Bayley also manages the seemingly impossible. He manages to make an online concert feel intimate in a way that even perhaps real in-person concerts at times fail to. As he sings this opening track, he stares through the camera to the viewer at home and truly makes you feel, not only as if you’re there, but as if Bayley is singing directly to you; a feat that even some of the greatest performing artists have failed to achieve at in-person gigs. Despite Bayley clearly not singing to me directly, he succeeds in making every viewer feel personally addressed by the performance, which is only possible due to this online format.
Slowly the camera pulls out to reveal the full set behind Bayley, with the three other members of the band performing. They are surrounded by a backdrop of pre-composed graphics which fit the hypnotic feel of the song perfectly.
As Bayley finally moves to join the others on stage, everything begins to come together. Bayley’s intimate performance combines with the flawless hypnotic rhythms provided by the other three members and the mesmerising visuals on the screens behind them.

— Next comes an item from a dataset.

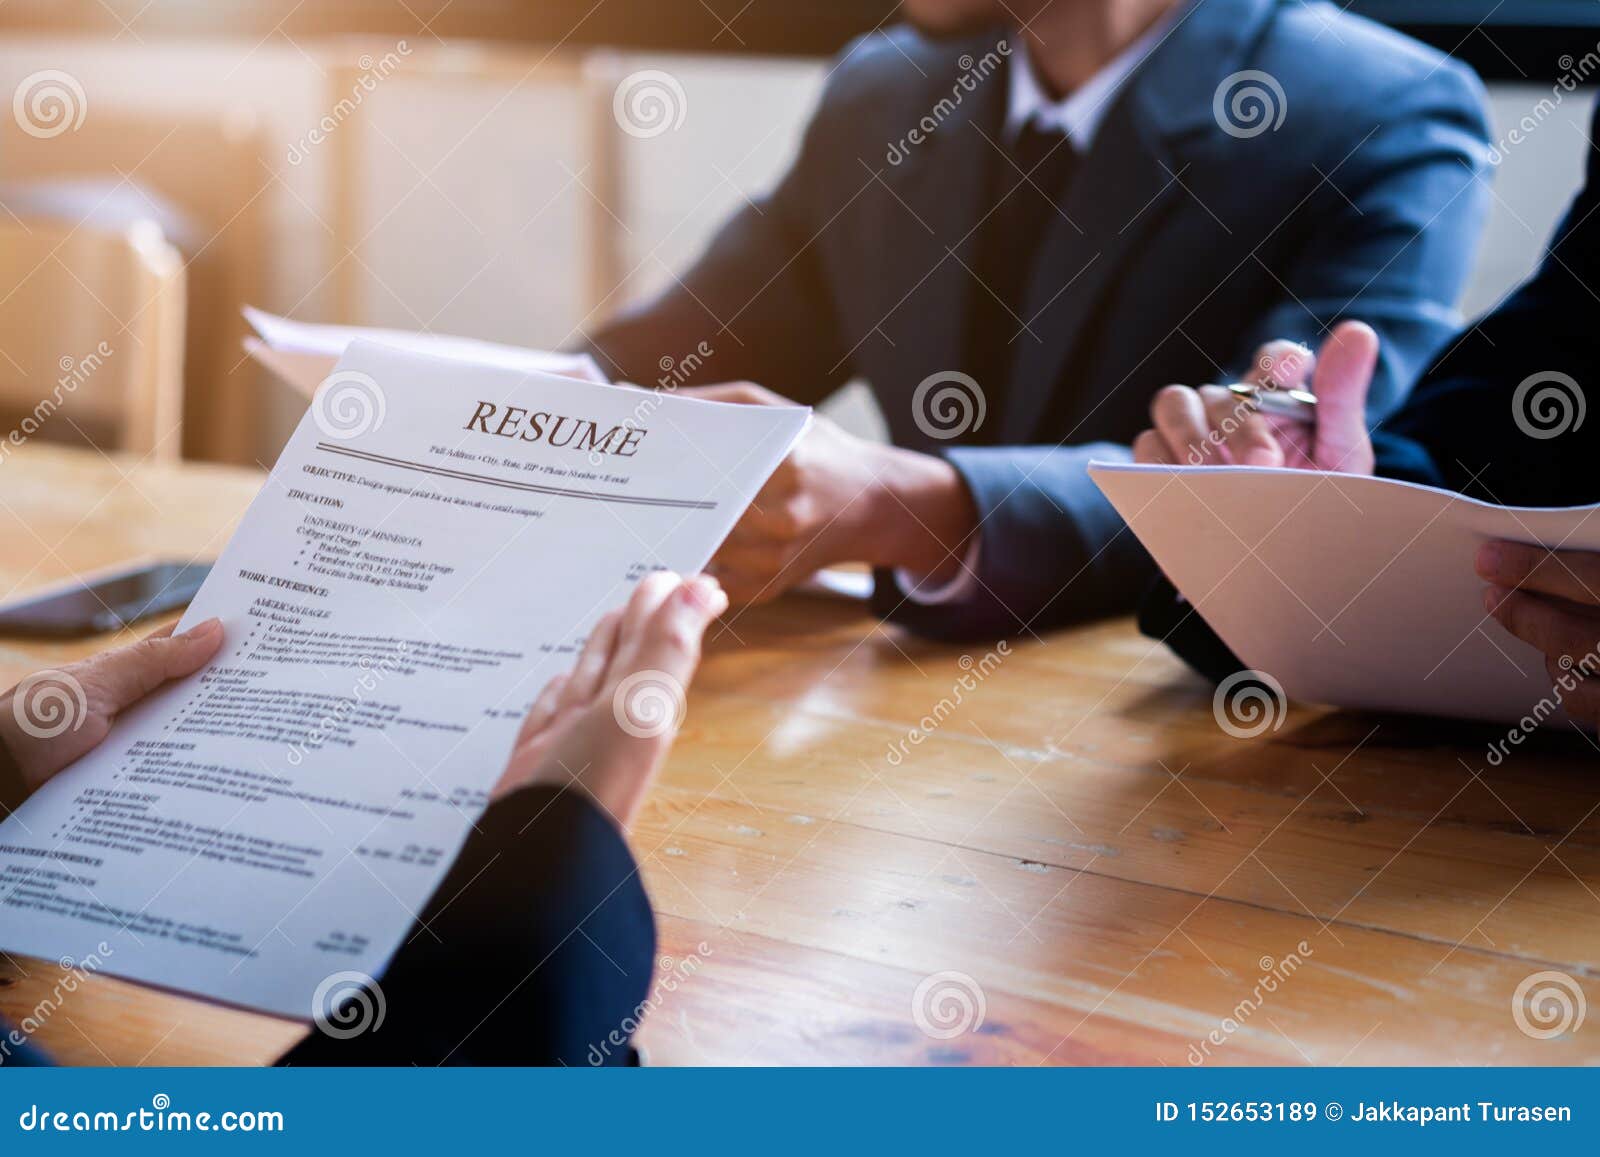 interviewer reading a resume, person submits job application, person describe yourself to interviewer, close up view of job

This is seemingly as close as any of us are going to get to a live performance this year.
Glass Animals provide us with a variety of hits from across their albums, with consistently stunning visuals, guest stars, a new hit and a potentially career-defining performance. The culmination of such a show presents what is potentially the future of “live” music, should a return to in-person concerts prove impossible for the foreseeable future. Live in the Internet is a truly unique show, with all the traditional elements that make a live show a spectacle to watch, whilst still feeling truly personal and intimate, as all of the best gigs should.
Unfortunately, Live in the Internet also shows the shortcomings of this potential future of gigs.

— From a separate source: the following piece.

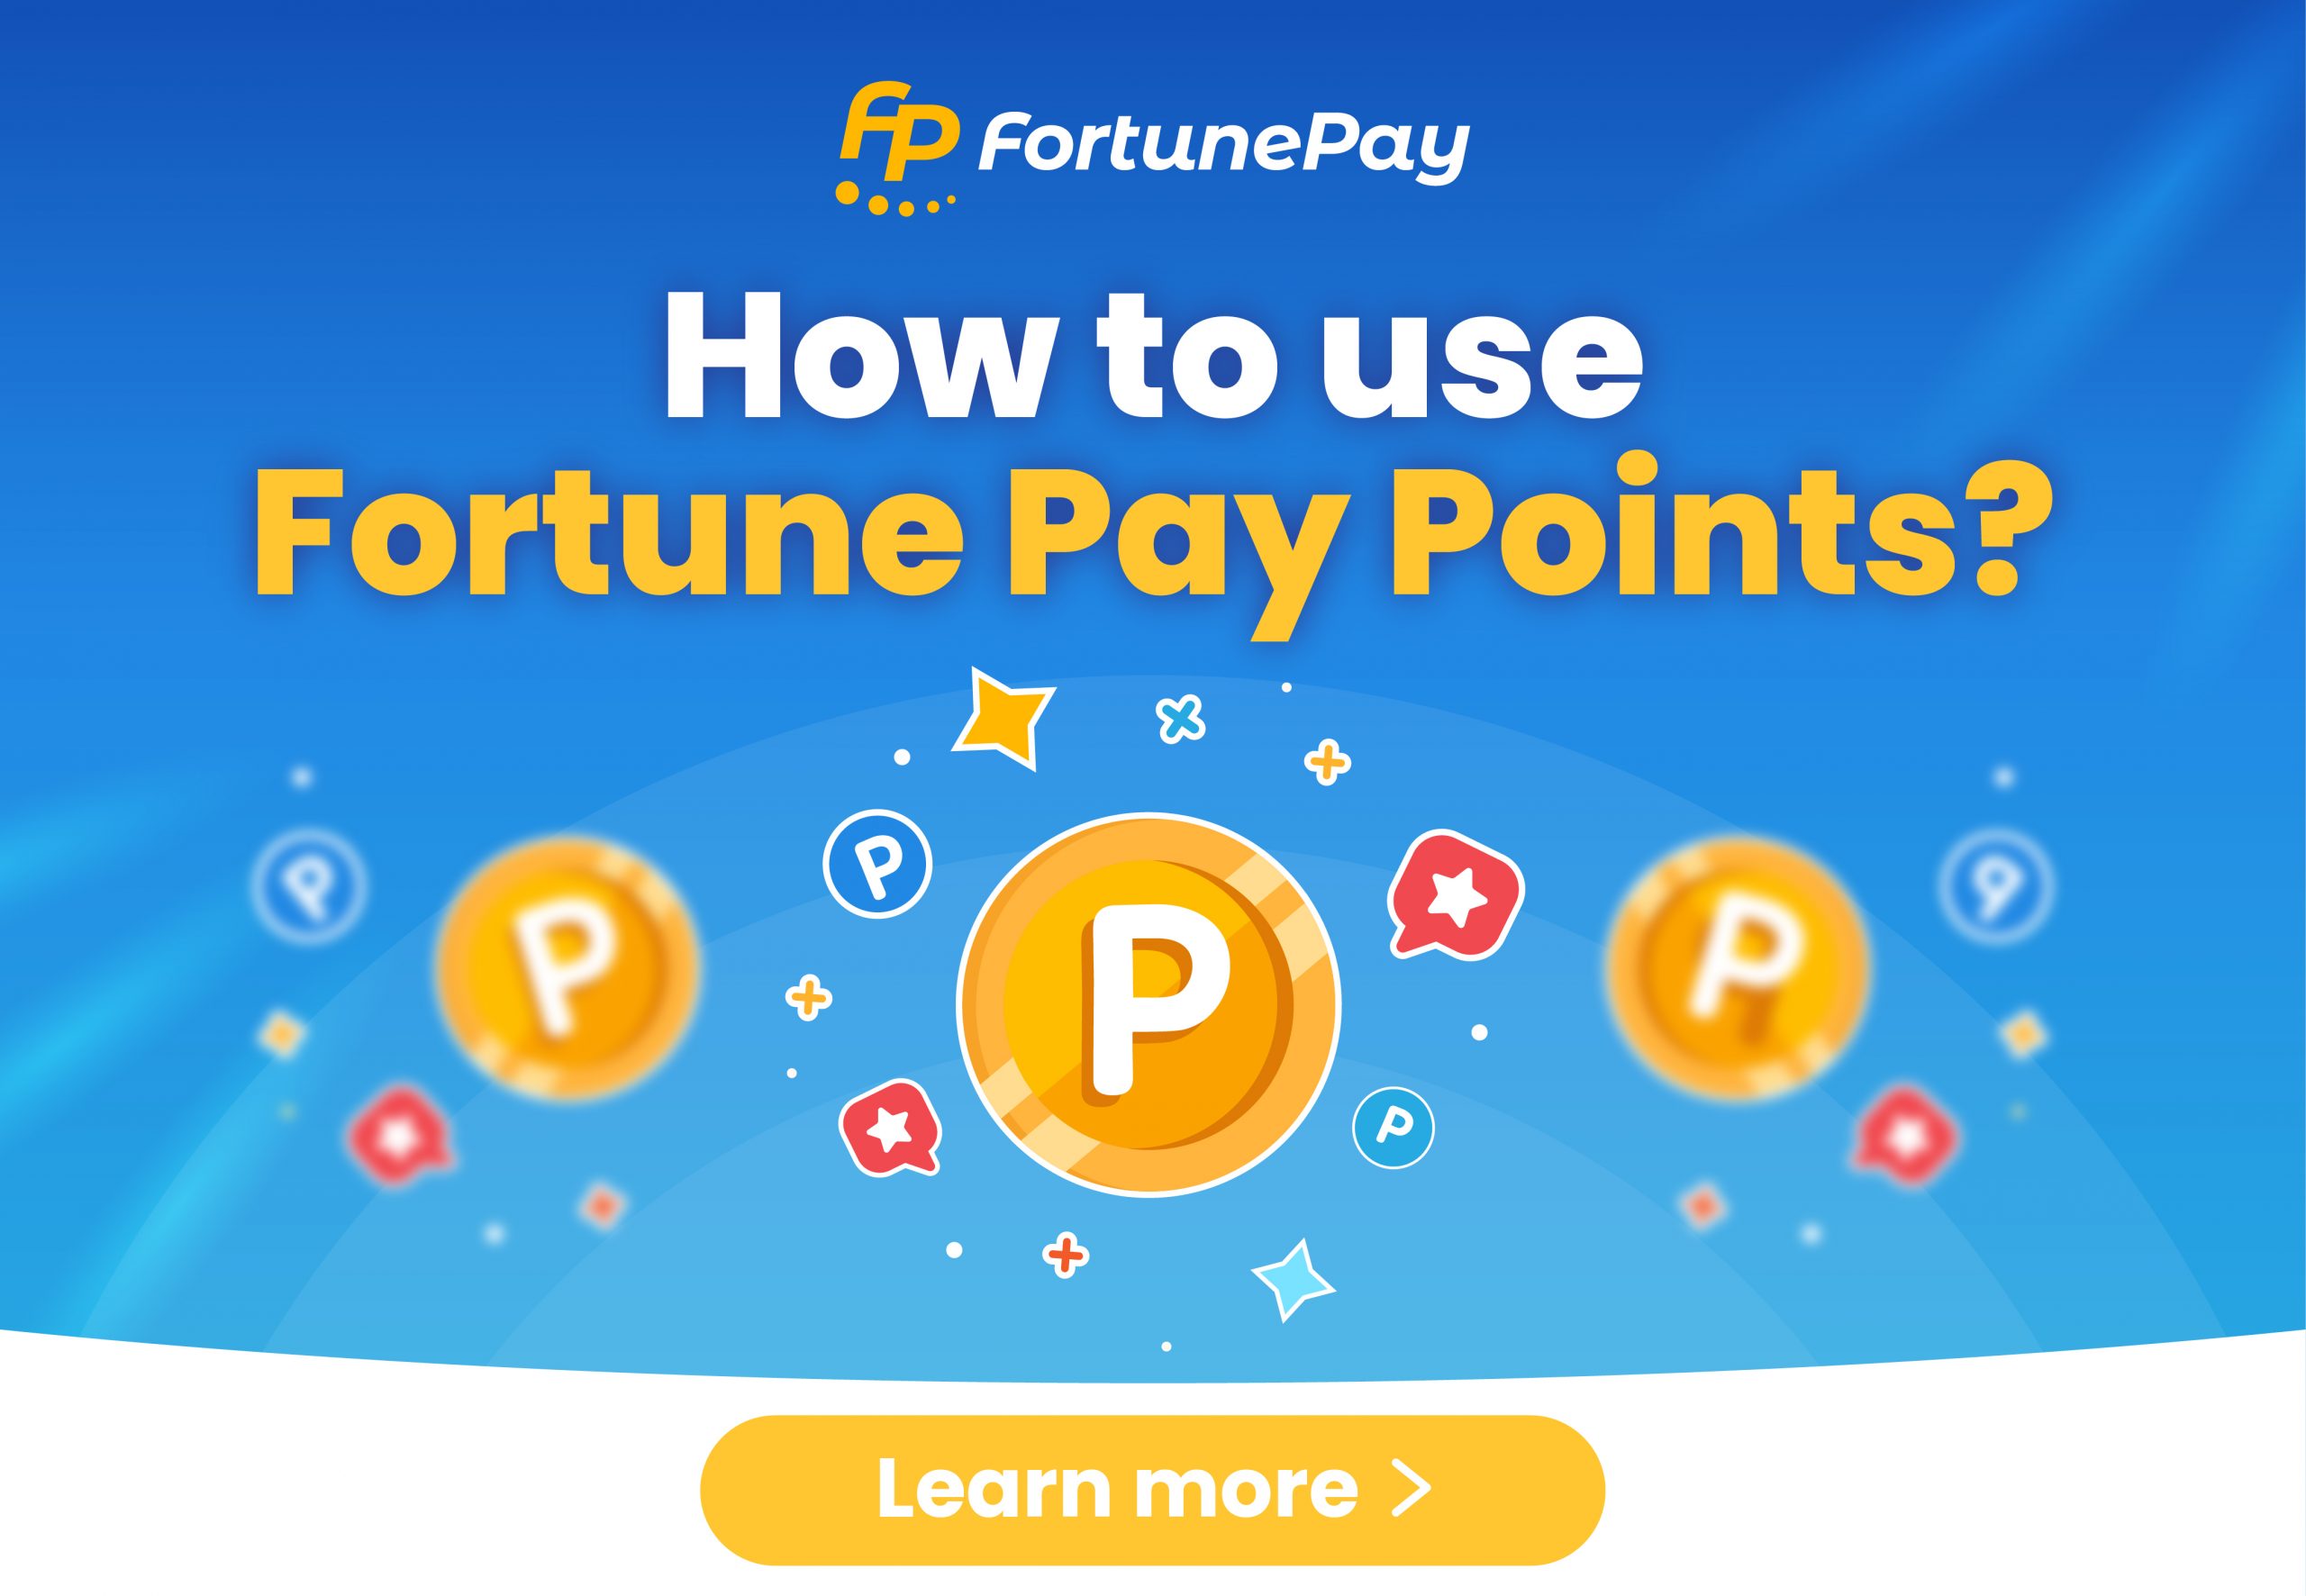 Fortune Pay Rewards and Points

Sadly, around 20 minutes before the end of this virtual show, Glass Animals’ stream crashed. This was due to no fault whatsoever of their own, but unfortunately it drastically and irreversibly detracted from the impact that the show had succeeded in creating over the previous 50 minutes. The intimacy and involvement felt in the show was suddenly ripped from the thousands of viewers watching the show all at once.
Whilst, as an alternative, the show is being offered to those who missed the end of the show for 72 hours (and what an end it is, with the most incredible rendition of their song, “Pork Soda”, I have ever had the pleasure of hearing), it clearly shows the limitations of an internet gig.
As much as I am impressed with the show put on by Glass Animals and the display of what can be achieved even during the current circumstances, it is clear that it is no substitute for the real thing. To say the least, at an in-person gig, it is highly unlikely that the show would be cut 20 minutes short due to technical issues.
But even besides that fact, nothing will ever be able to take the place of being firmly planted in the middle of a sweaty, pulsating crowd, singing your heart out to songs you have spent the last two weeks memorising. There is nothing that will ever be able to take the place of that experience.
Glass Animals’ online show presents a potential look at the future of live music, showing both the potential and shortcomings of the format.
Overall, however, the show, like the band’s third album, seems to show the appeal of a pre-digital world; a world where bands still performed in-person and VHS reigned supreme. Perhaps one day the world will be ready for exclusively online gigs, but our generation is not ready for that world yet.